The publication was funded by Florida businessman Jack P. Hunt. Its offices were in a building he owned at the corner of Oakland Park Boulevard and Bayview Drive. The magazine grew to include offices in New York, Los Angeles and Chicago, with a combined staff of 60 under publisher Les Feldman. A contemporary report in the Lauderdale Ledger described Zoo World as a "bi-weekly tabloid featuring record reviews, feature articles on rock celebrities and gossipy news stories on the music world".
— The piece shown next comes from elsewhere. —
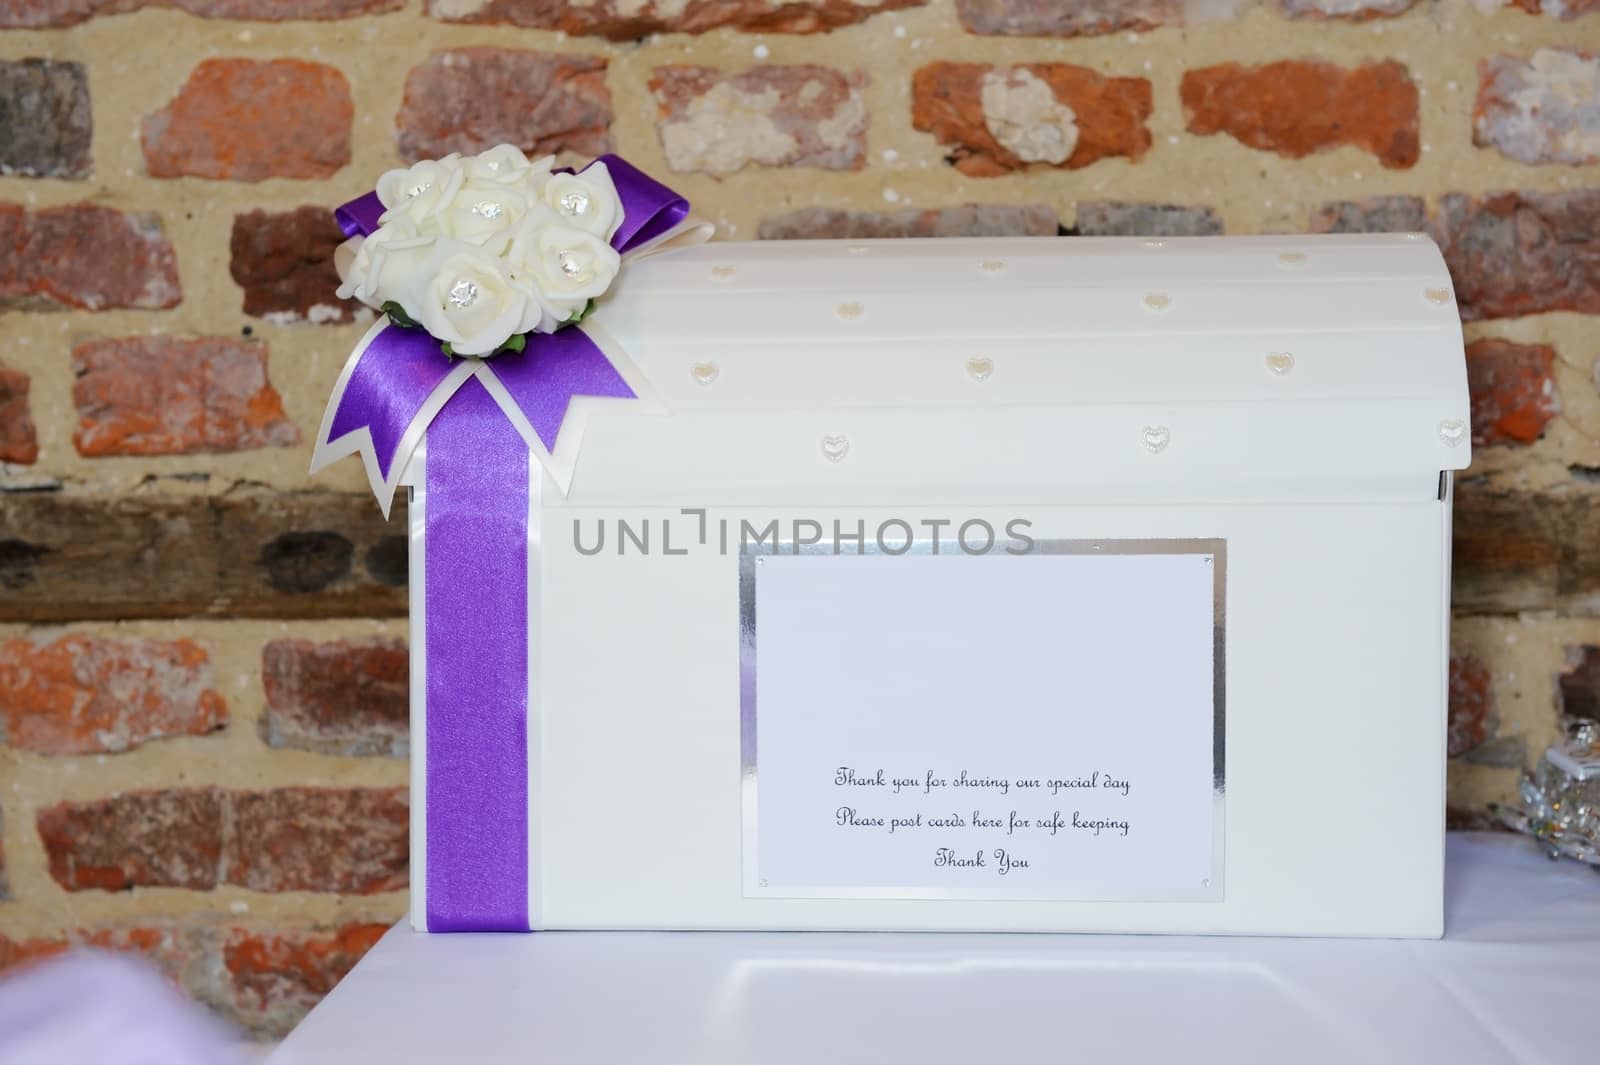 Wedding reception cardbox closeup showing purple ribbon detail
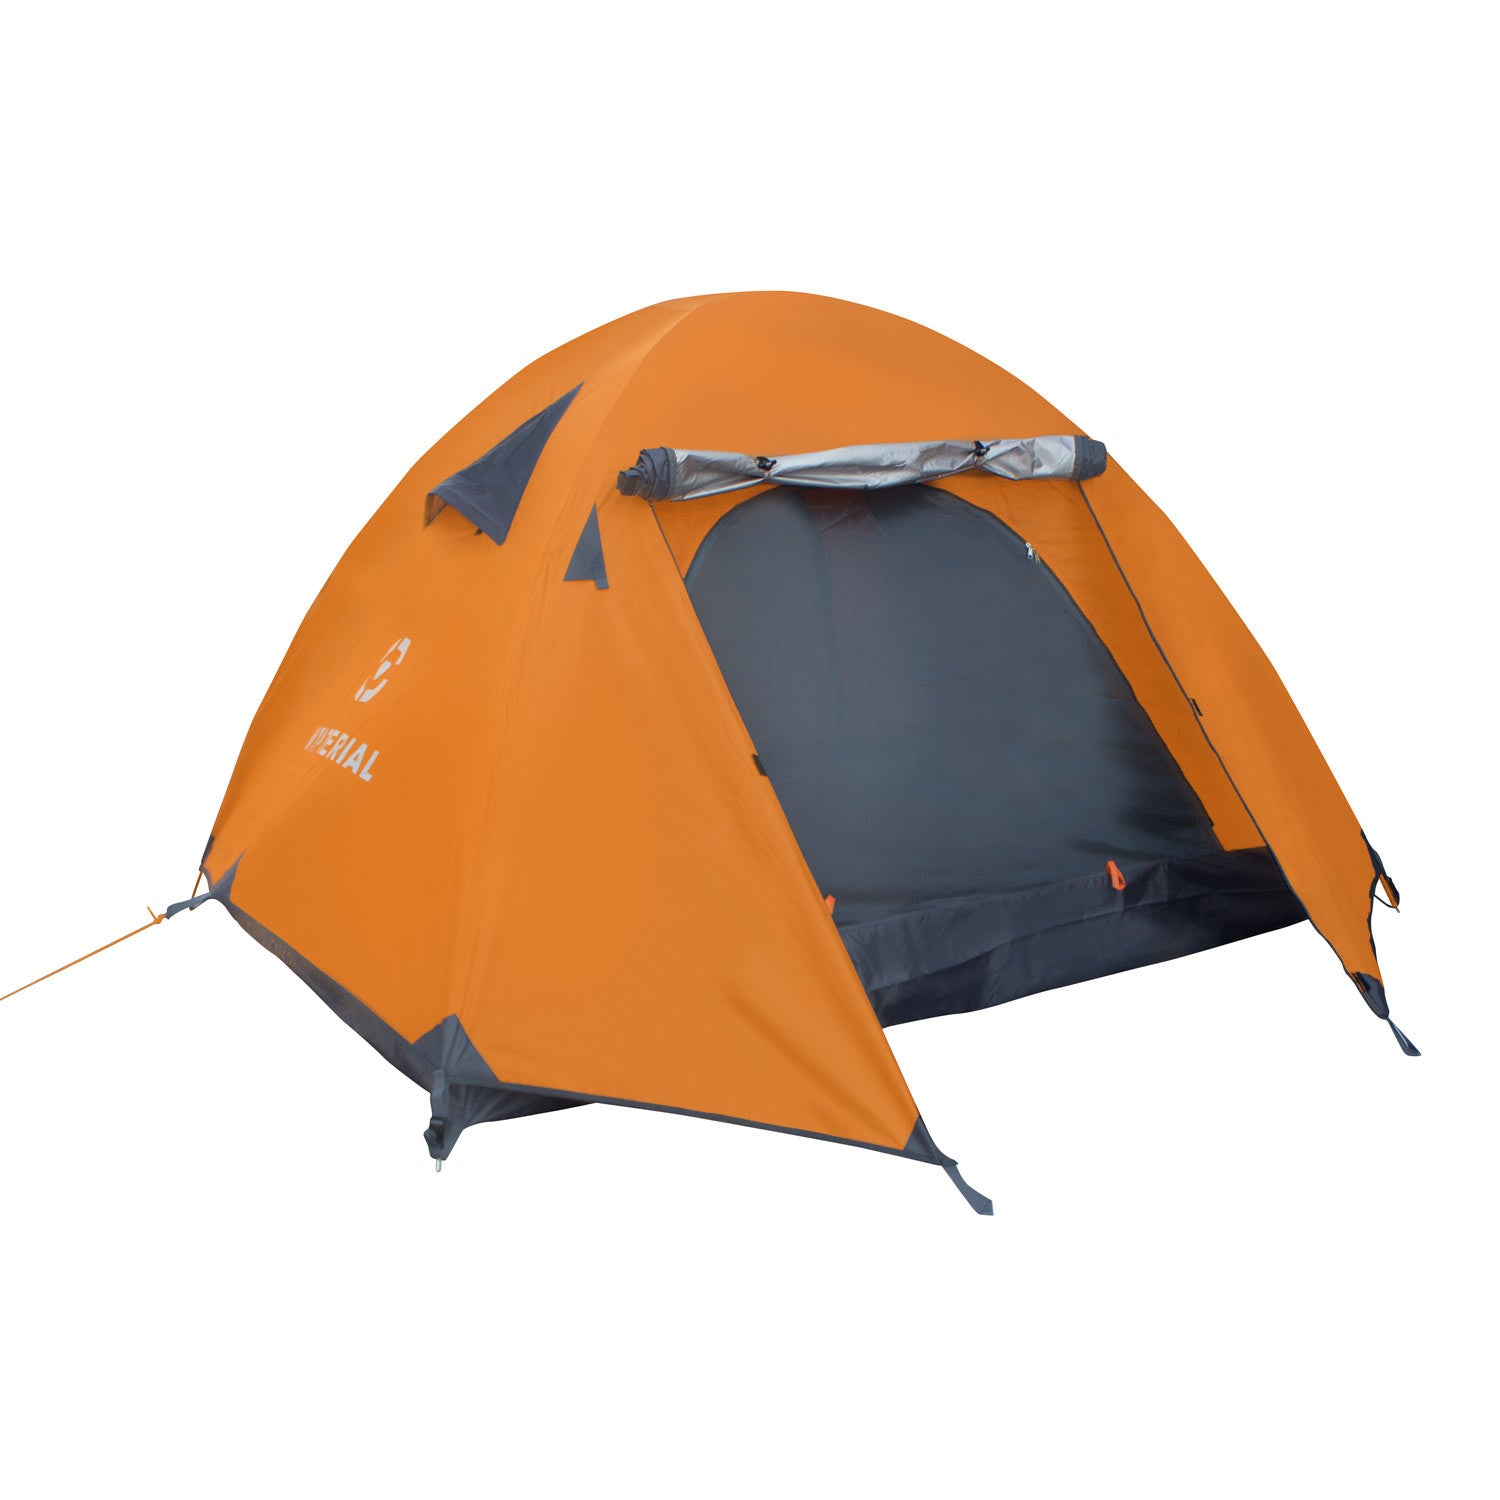 Палатка компакт. Best Camp палатки. Компактная палатка. Легкая компактная палатка. Палатки для кемпинга.

Among its contributors were journalists and authors Jim Esposito, Arthur Levy, Michael Gross, Jon Tiven, Nick Tosches, Wayne Robins, John Swenson, Steven Rosen, Gene Sculatti, Ira Robbins, David Rensin and Barbara Charone. In an online discussion at the music critics' website rockcritics.com, in February 2013, author and journalist Richard Riegel recalled that Zoo World resembled Rolling Stone in format, and he likened the title's "editorial personality" to that of Crawdaddy! following the departure of that magazine's founding editor, Paul Williams.

By the time of its demise in January 1975, Zoo World enjoyed a circulation of 300,000. Although Feldman and his colleagues were confident that the magazine remained a viable title, Hunt's withdrawal of his patronage forced its closure, the decision for which was announced to employees in December 1974. Dated January 2, 1975, the cover of the magazine's 75th and final issue carried a picture of soul singer Barry White.